O despacho da Advocacia Geral da União entende que não há discricionaridade por parte do Executivo, considerando que há autorização expressa por parte do Legislativo: "3. A matéria foi exaustivamente discutida no Congresso Nacional. O salário mínimo é fixado por lei, como aqui se evidencia, prevendo-se reajustes e aumentos por parte do Poder Executivo. Não há inovação ou invasão de competência, por parte do Executivo, em matéria ordinariamente reservada ao Legislativo. Este último fixa os valores, por lei, e aquele primeiro dá continuidade à aludida fixação, mediante cálculo de reajustes e aumentos. O regulamento apenas cuida do fiel cumprimento da lei. Trata-se de mera recomposição de referências e de expressão, a partir da fixação por lei, núcleo do projeto de que se cuida. Em outras palavras, a lei fixa os critérios que serão utilizados pelos decretos supervenientes, em matéria de salário mínimo. Bem entendido, não haverá por parte do Executivo o exercício de qualquer fórmula de discricionariedade. É que a lei já determina os critérios que serão eventualmente utilizados, no que se refere aos cálculos que deverão ser feitos".
O argumento contrário (manifestado na ADI) é que "o que se verifica na espécia nada mais é do que uma indisfarçada delegação de poderes à Excelentíssima Senhoara Presidente da República, para que possa o Poder Executivo deter a prerrogativa de fixar, com exclusividade, o valor do salário mínimo. Por via de consequência, o Congresso Nacional não poderá se manifestar sobre o valor de salário mínimo entre os anos de 2012 e 2015. Tal delegação contrasta a mais não poder com a mais elementar concepção de separação dos Poderes, pois aqui se trata de matéria reservada exclusivamente à lei. A disposição constitucional exige que a lei "fixe" o valor do salário mínimo. E "fixar" é, sem dúvida, definir todos os elementos que compõem certo conceito ou valor. A mera designação geral de critério, para o futuro, para posterior determinação do valor em ato normativo infralegal não atende aos requisitos constitucionais estabelecidos".
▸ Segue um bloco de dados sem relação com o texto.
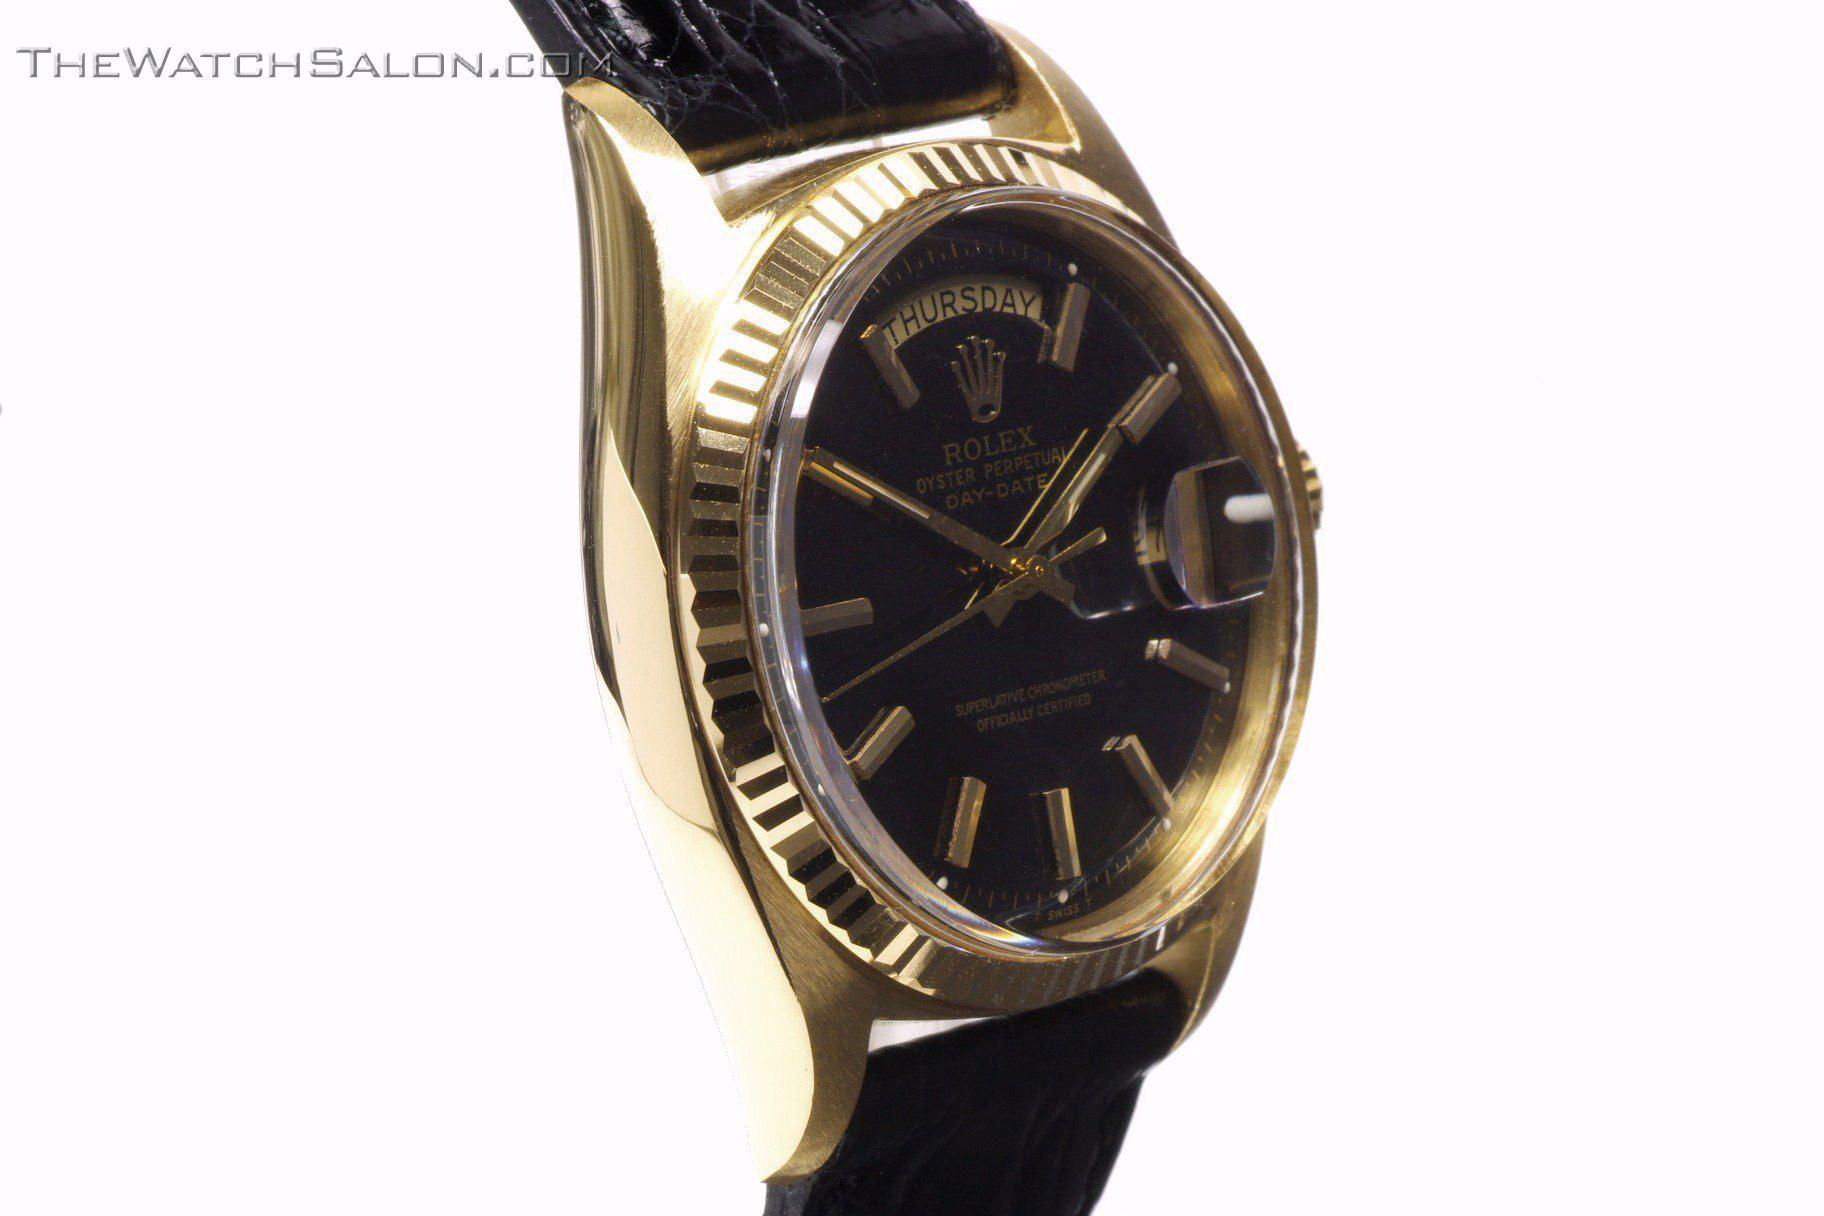 Rolex 18k gold president day date watch 1969 r56 non crown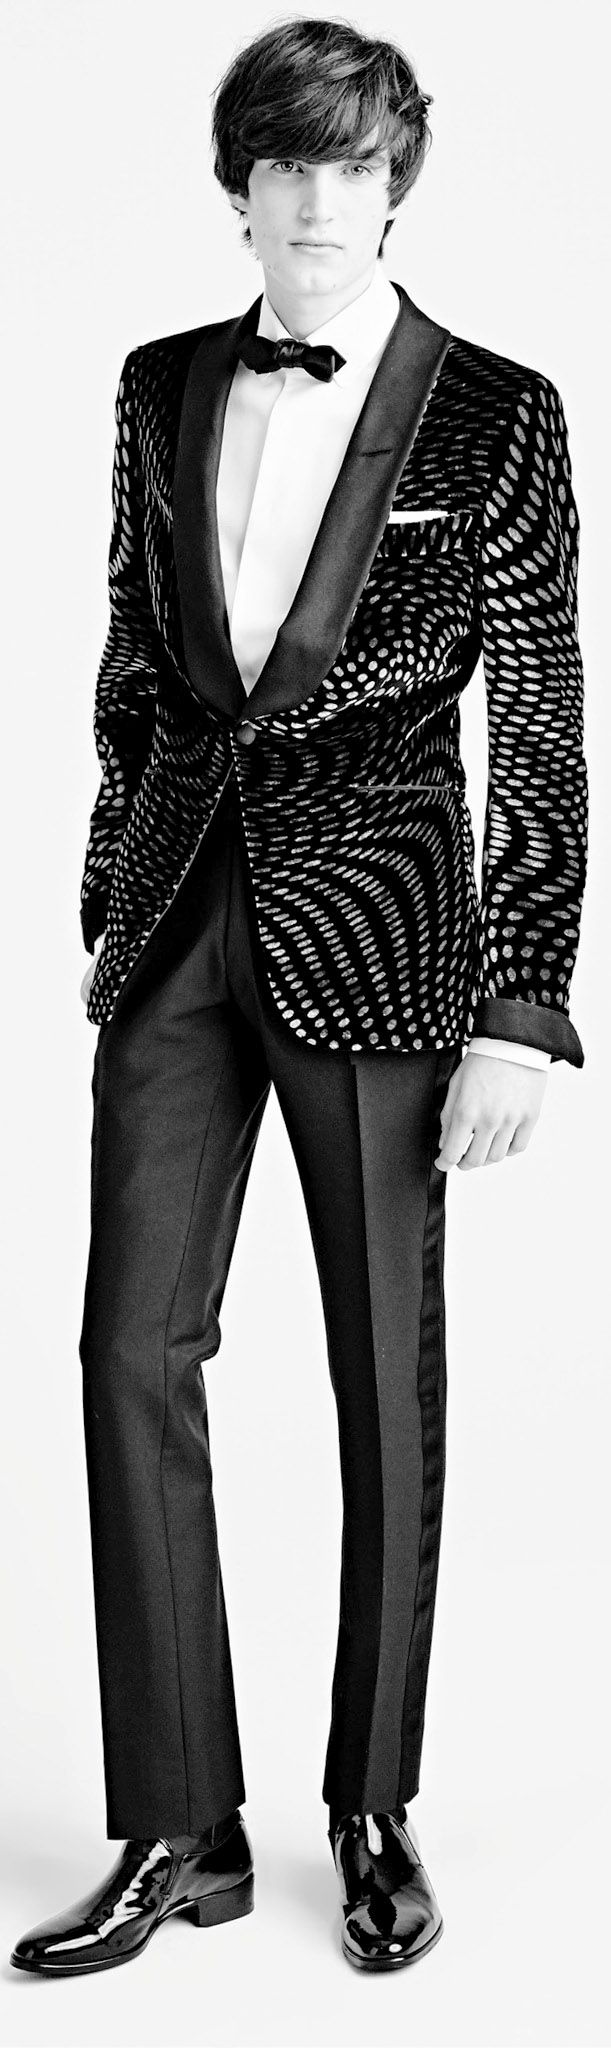 Tom Ford Fall 2015 Menswear   justjune   Men Clothing   Pinterest ... 6eaed5bb8f29

Eis a questão. Fixar a lei é declarar seu valor nominal (R$ 545,00) ou declarar sua forma de cálculo (R$ 545,00 mais variação do INPC e taxa de crescimento real do PIB)?
O site PensandoDireito formulou cinco questões para se pensar a inconstitucionalidade e funcionalidade da referida norma: (i) “Fixado em lei” implica fixação nominal por lei ou basta que uma lei estabeleça a fórmula de cálculo? (ii) Qual a vantagem ou o interesse protegido pela Constituição ao requerer que salário mínimo seja fixado em lei? (iii) O Congresso Nacional, uma vez sancionada e publicada a Lei 12.382/11, pode editar nova lei alterando a regra do jogo, ou simplesmente estabelecendo novo salário mínimo? (iv) Caso o Presidente da República se omita na edição do Decreto anual, pode o cidadão exigir judicialmente o cumprimento da Lei (ou seja, essa fórmula aprovada gera direito subjetivo individual?)? (v) Caso possa exigir o cumprimento da Lei, de quem deverá exigir? Por qual via?
Estaria o Poder Executivo rompendo a harmonia entre os Poderes da União ao assumir uma atribuição que seria própria do Poder Legislativo? O art. 3º é conflitante com a "Constituição Cidadã"?
Os ministros do Supremo Tribunal Federal julgarão a Ação Direta de Inconstitucionalidade nº. 4.568 e decidirão se a norma é ou não inconstitucional. Algum palpite de como será o desfecho dessa história?